Erm - netfluix is streaming, as is filmon
In its simplest form, Streaming is watching content online - without saving a copy.
Saving a copy is downloading.



mrypg9 said:


> Bein looks good...what do I need to do to get that?


Bein Sport Spain is available via Orange TV, Vodafone TV, and Movistar+

BeIN Sport MENA you need a dish, and a Bein Mena card and receiver.


----------



## mrypg9 (Apr 26, 2008)

sat said:


> Erm - netfluix is streaming, as is filmon
> In its simplest form, Streaming is watching content online - without saving a copy.
> Saving a copy is downloading.
> 
> ...


I did say I had dumb questions....but you are all being very gentle with me, thanks!
So...my Movistar Fusion comes with a tv offer which I haven't taken advantage of. Does that include PL, UEFA games? If so, what do I have to do to add it on my tv?

For the BeIN MENA, would my Sky box and 1m dish be OK?
Thanks again


----------



## sat (Jul 20, 2008)

mrypg9 said:


> So...my Movistar Fusion comes with a tv offer which I haven't taken advantage of. Does that include PL, UEFA games?
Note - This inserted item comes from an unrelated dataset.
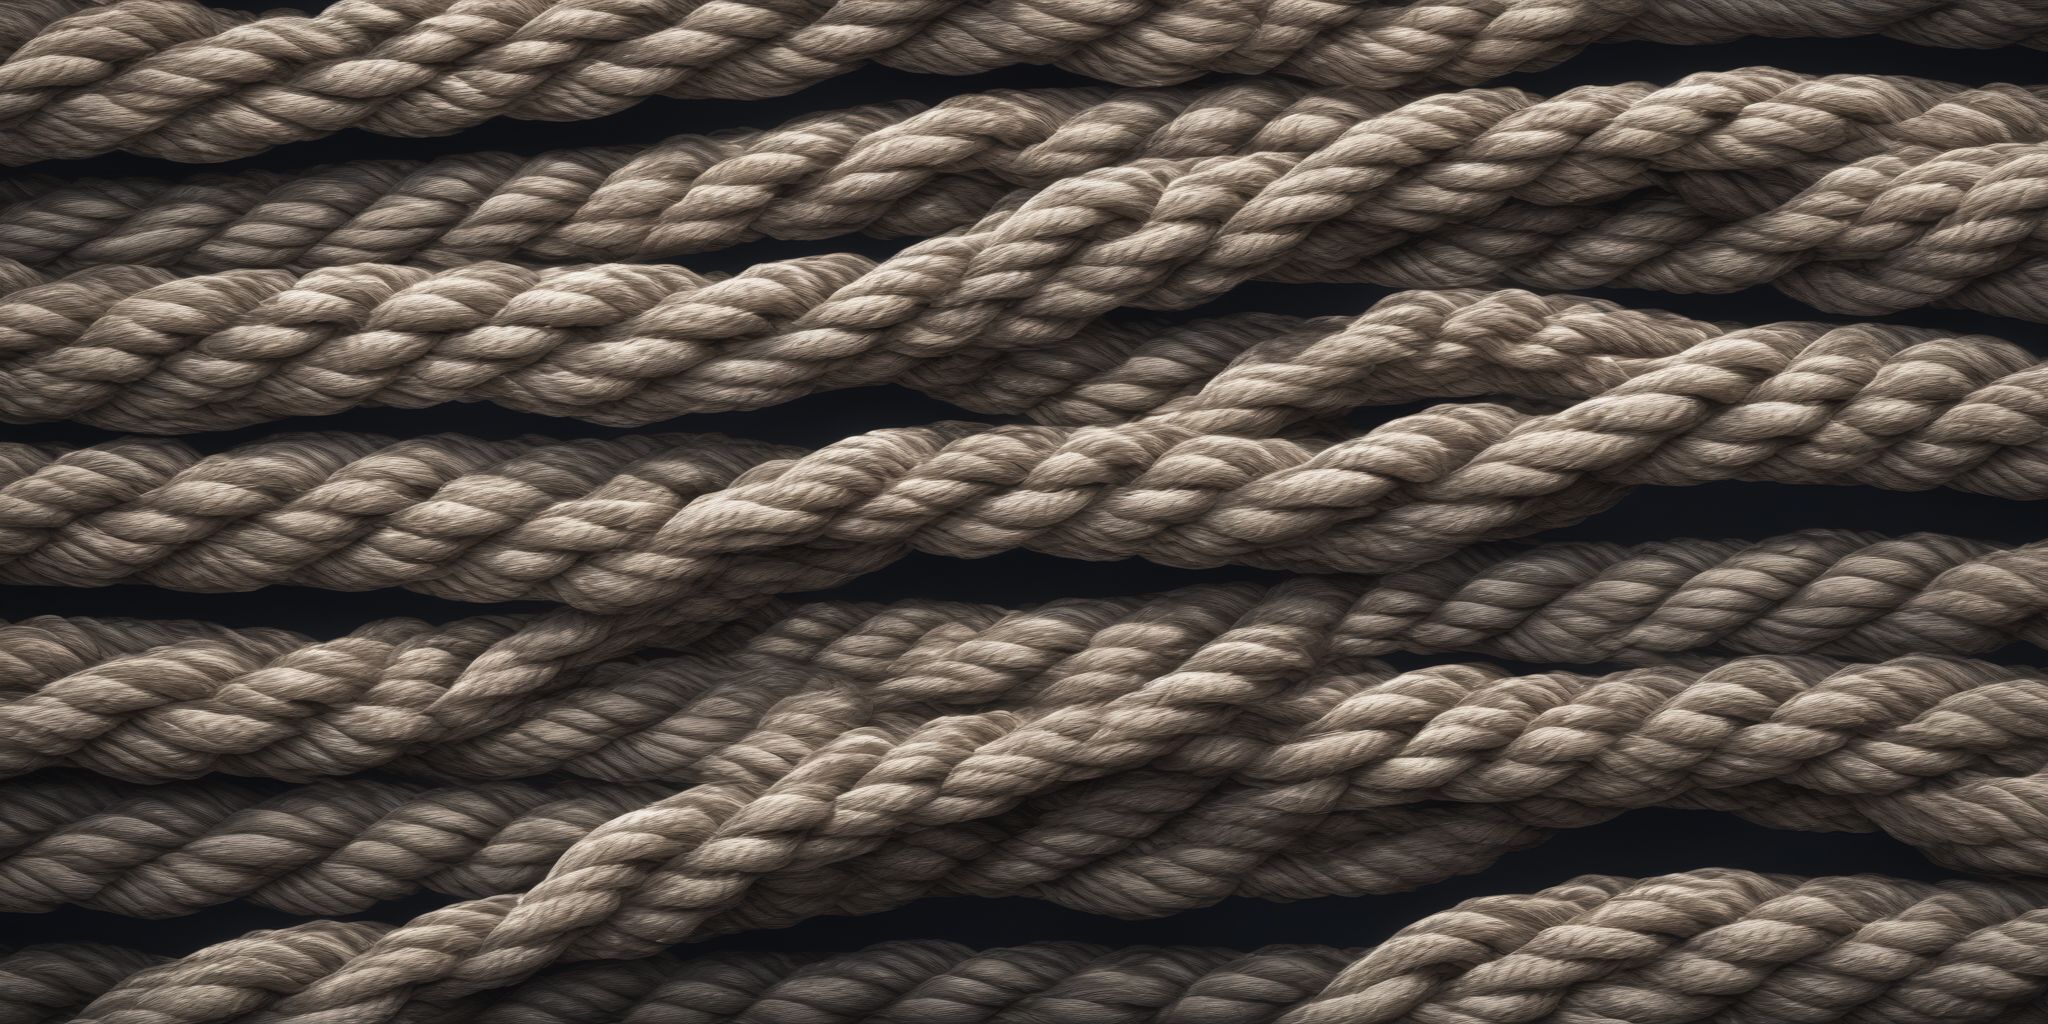 Rope  in realistic, photographic style

If so, what do I have to do to add it on my tv?


Depends if you take that package.
Its like Sky, they will offer you various packages at various prices, and obviously sport will be premium



mrypg9 said:


> For the BeIN MENA, would my Sky box and 1m dish be OK?


The dish yes, but it will need realinigng from 28 east (Sky UK), to 26 east (BeIN MENA),
No you cannot use your Sky UK box - as that is designed purely for Sky UK.
(It will not even work with SKy Italia or Sky Germany).
YOu need a dedicated BeIN MENA receiver and card.


----------



## Pazcat (Mar 24, 2010)

Can you sign up to BeIN online only or do you have to have a specific connection with a provider?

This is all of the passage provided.